Et dans mon cas, il y a eu beaucoup d’inquiétude et de questionnement sur la naissance précoce de ma fille. Ainsi, ma santé mentale n’était pas prise en compte.
Peut-on prévenir d’une dépression post-partum ?
Y-a-t’il des profils plus sujets que d’autres au développement d’une dépression post-partum ?
On ne parle pas de profil mais de facteurs. Des facteurs gynécologiques et obstétriques, des facteurs socio-économiques, des antécédents psychiatriques, etc. Une grossesse tardive est aussi un facteur de possible dépression post-natale et, a contrario, une grossesse en étant très jeune est aussi un risque.
Des antécédents de dépression, venant de soi ou des membres de la famille, des troubles psychiques préexistants sont des facteurs aggravants.
Existe-t-il un moyen ou des traitements pour éviter la dépression post-natale ?
Non. Elle est inévitable. Comme une dépression “classique”, il y a des facteurs qui amènent au développement de troubles psychiques comme la dépression post-natale, sans qu’on le puisse le prévoir. En revanche, il y a des traitements médicamenteux mais ils ne sont pas forcément donnés en première intention. De plus, il y a plusieurs degrés de dépression post-natal : légère, moyenne et sévère.
Pour une dépression légère, le traitement n’est pas indispensable. Un accompagnement psychologique par un professionnel de santé est recommandé. Dans le cas d’une dépression sévère, il peut y avoir des hospitalisations et/ou une prise en charge en unité mère/bébé.
Retrouvez le replay de l’émission Votre Santé du mardi 17 décembre 2024 sur Ma Santé TV.
À SAVOIR
Maman Blues est une association qui offre un espace d’écoute et de soutien aux mères confrontées aux difficultés de la maternité.

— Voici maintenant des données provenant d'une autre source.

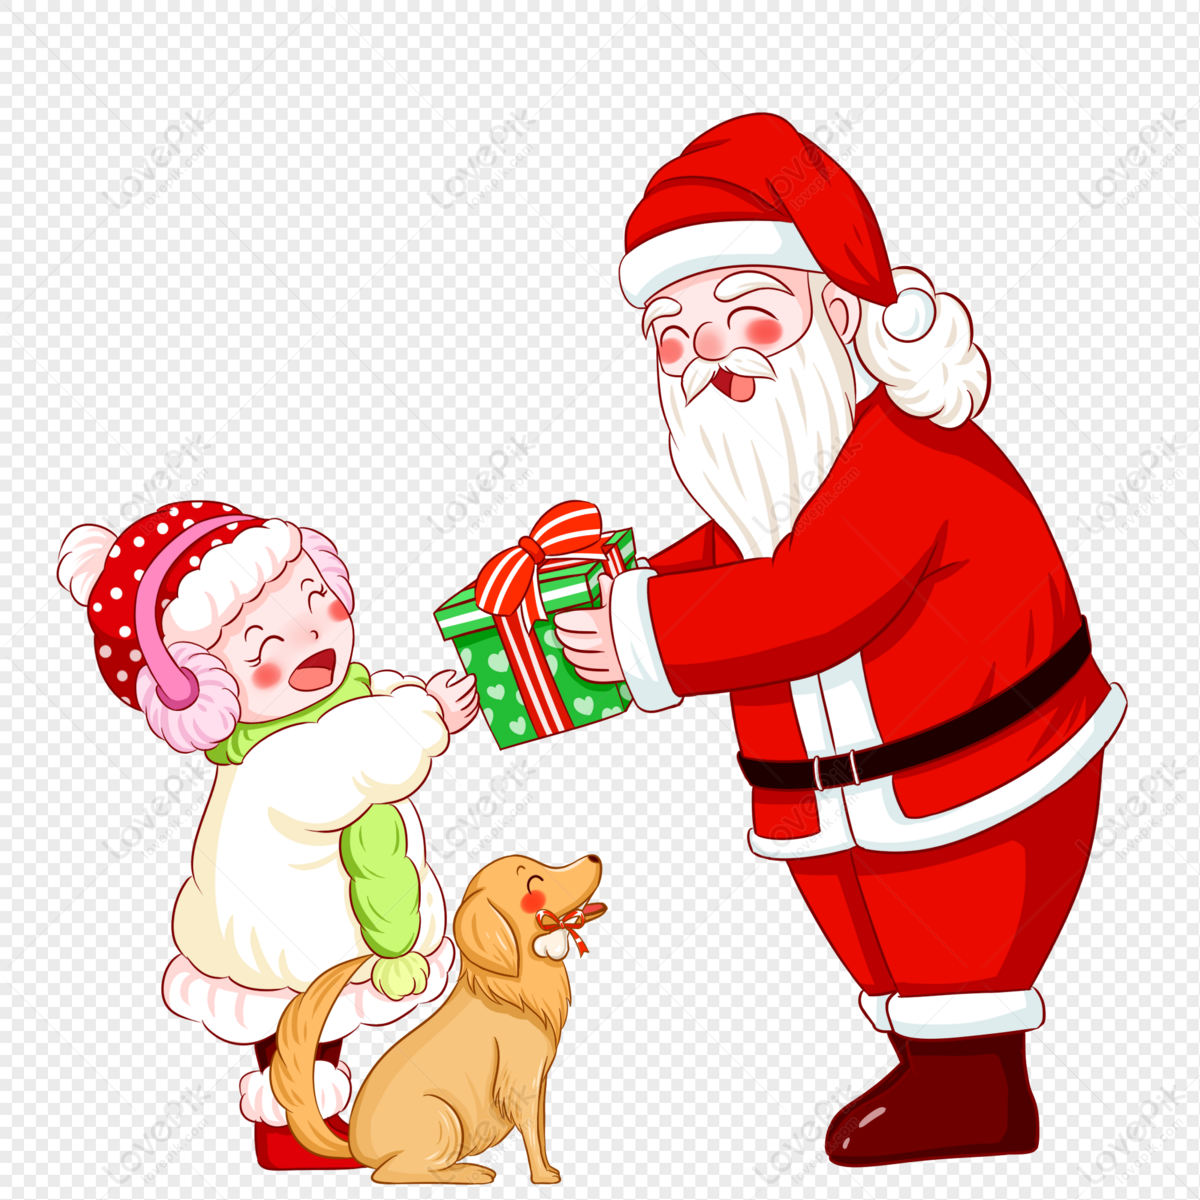 Funny Santa Claus cartoon giving a gifts to little boy crying

Elle permet à chaque maman de témoigner librement de ses expériences, sans crainte d’être jugée, suspectée de maltraitance ou réduite à des diagnostics médicaux. Loin des discours rassurants et minimisant, l’association privilégie une écoute bienveillante et respectueuse, permettant aux mères de se libérer de leurs souffrances et de trouver un soutien authentique, sans pression ni préjugés.